Полонянники, увидя неожиданное освобождение, заголосили, завопили, запричитали, моля Бога о здоровье освободителей.
— Распутайте полон и домой! — скомандовал Шумахов. — А вы в лес, к Липецу поближе, — велел освобождённым.
Управившись с пленными, отряд намётом ускакал в Липец. Увидев князя Святослава в полном здравии, Василий рассказал ему о предательских намерениях Гавриила.

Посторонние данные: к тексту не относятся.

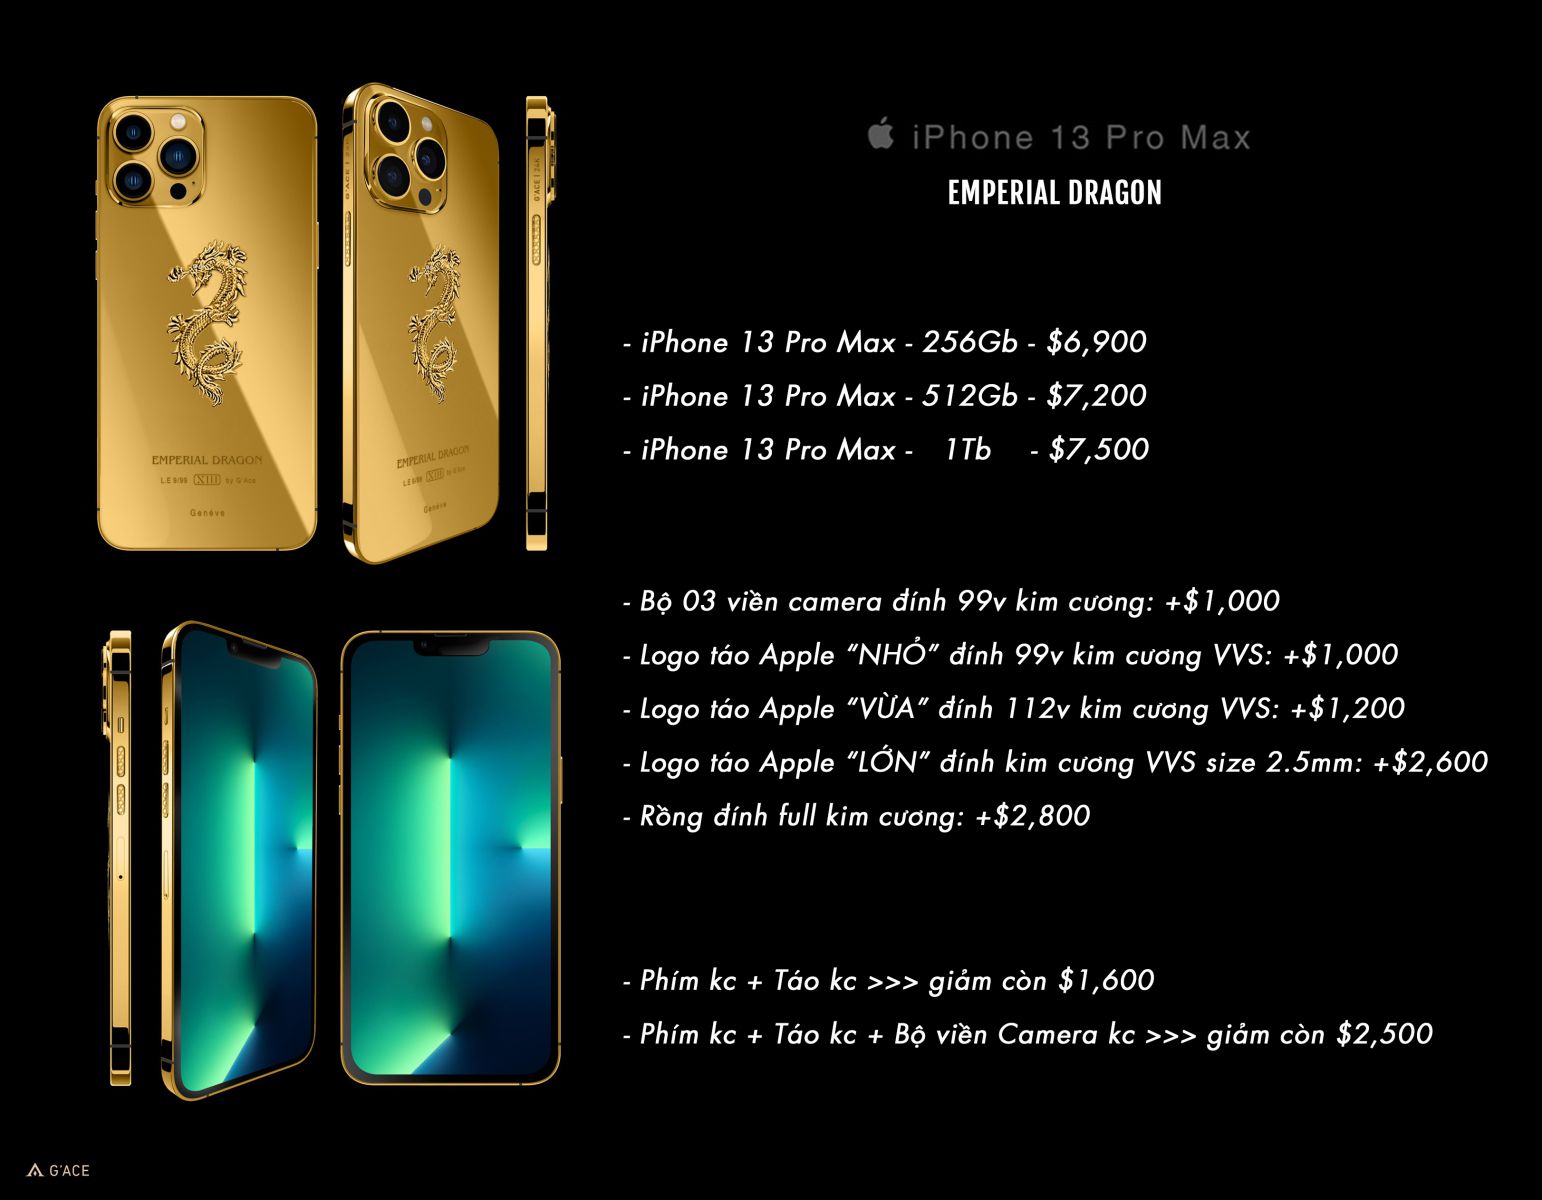 Sản phẩm iPhone 13 Pro Max Mạ Vàng sẽ khiến bạn ngạc nhiên về thiết kế đẳng cấp và sự sang trọng. Hình ảnh liên quan đến từ khóa này chắc chắn sẽ thu hút sự chú ý của bạn!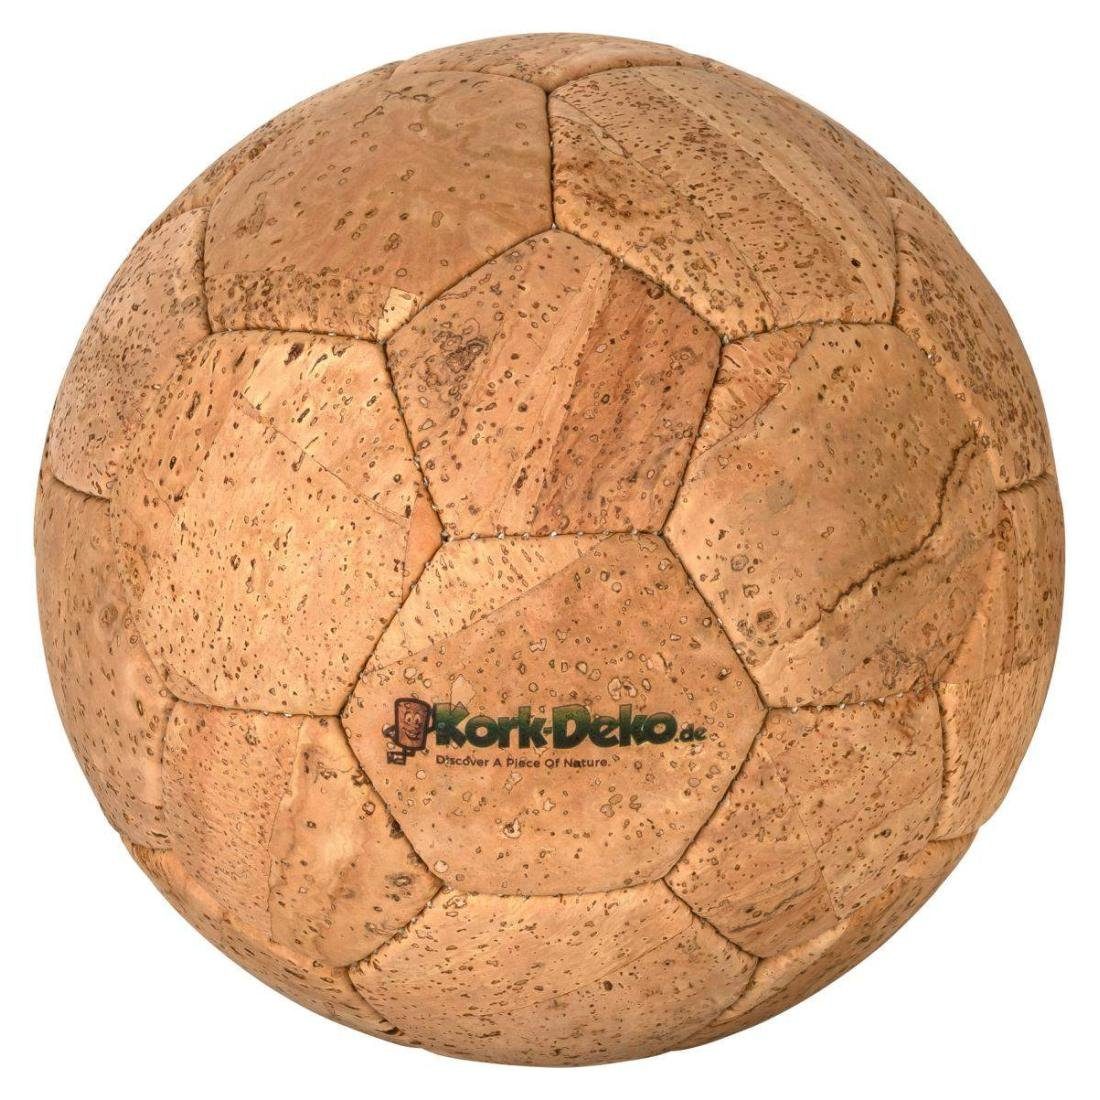 Kork-Deko.de Fußball aus Kork Plastik Alternative Leder und zum als

— То-то ныне его почти целый день не было, — прохаживаясь по двору вдоль стены детинца, задумчиво сказал князь. — И такой улыбчивый явился. Не нужно подавать виду, что мы знаем о его планах. Я уже велел, чтоб за ним наблюдали. На кухню он, конечно, не пройдёт, но с лекарством отраву может мне дать вполне.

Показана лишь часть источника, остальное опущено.